Ivo van Hove‘s play, however, is not the film, and judging the play for what it’s NOT would be a critical faux pas from which there is simply no return. So, what is it, exactly, and what is its relationship with Bergman? Well, it takes many of the film’s key scenes — the discovery of Johan’s infidelity, the dinner with Peter and Katarina, Marianne’s pregnancy, and a few others — and splits them out of order, into an arbitrary sequence played by a revolving door of actors. For the first 2 hours, these scenes play out simultaneously to smaller groups, which are separated by a couple of thin walls through which the music, shouting, and action of earlier/later scenes is still audible. The viewers witness whichever scene they happened to have sat down to, and move every 30-40 minutes to a new scene while the others re-play for new audience members. This goes on until the intermission, after which all the lead actors come together, as 3 Johan/Marianne duos, to act out the next part simultaneously, first taking turns with lines before climaxing into a rumble (as per the film’s divorce scene) that has everyone merely shouting at one another in an odd, anomic scene that left at least a few audience members frustrated and aghast.
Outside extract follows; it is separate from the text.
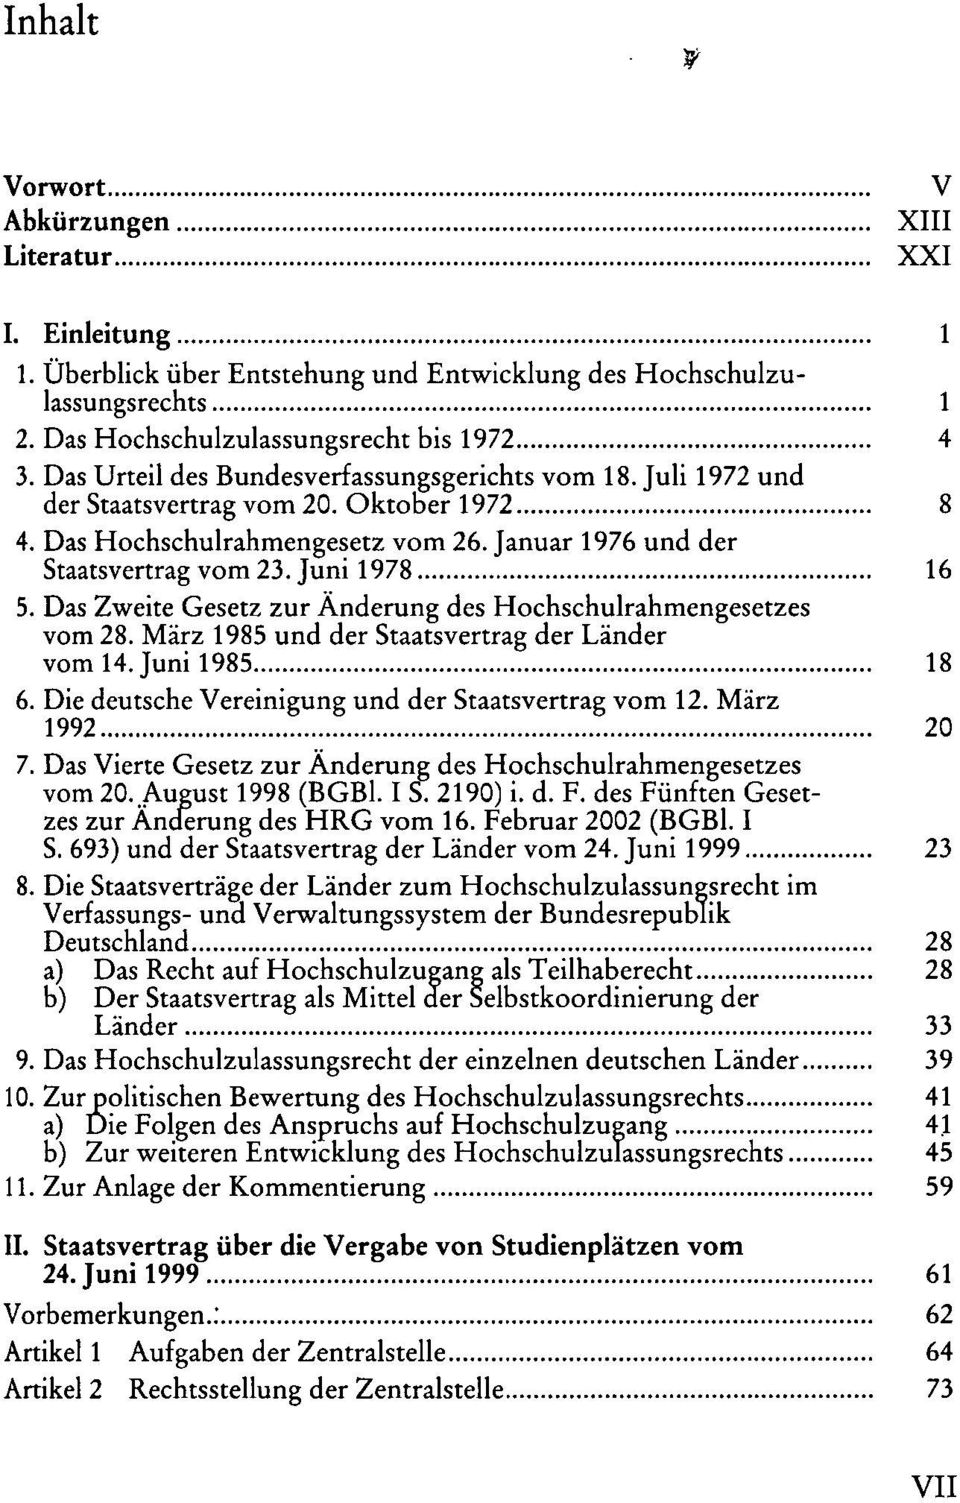 Das Zweite Gesetz zur Änderung des Hochschulrahmengesetzes vom 28. März 1985 und der Staatsvertrag der Länder vom 14. Juni 1985 18 6. Die deutsche Vereinigung und der Staatsvertrag vom 12.

Some of this works because, instead of merely aping Bergman, it clarifies, in its own way, a central posit of the original film: that Johan and Marianne are not merely a unique couple going through unique problems, but despite being very real and ‘particular,’ themselves, are representative of many similar relationships, which thrive and die according to the same patterns — details be damned! The play does this by using different actors and actresses for each scene, making the viewer viscerally feel that these are ALL different couples, with the verbiage and action coming from next door almost like similar fights that might be going on elsewhere, and perpetually. The scenes, too, are split in a way that — despite the re-use of the leads’ fictive names — there is little real continuity from one scene to the next, as the play takes the film title quite literally. In short, these are slices from a life (or many lives), as opposed to a comprehensive look at one marriage that can be extrapolated to others.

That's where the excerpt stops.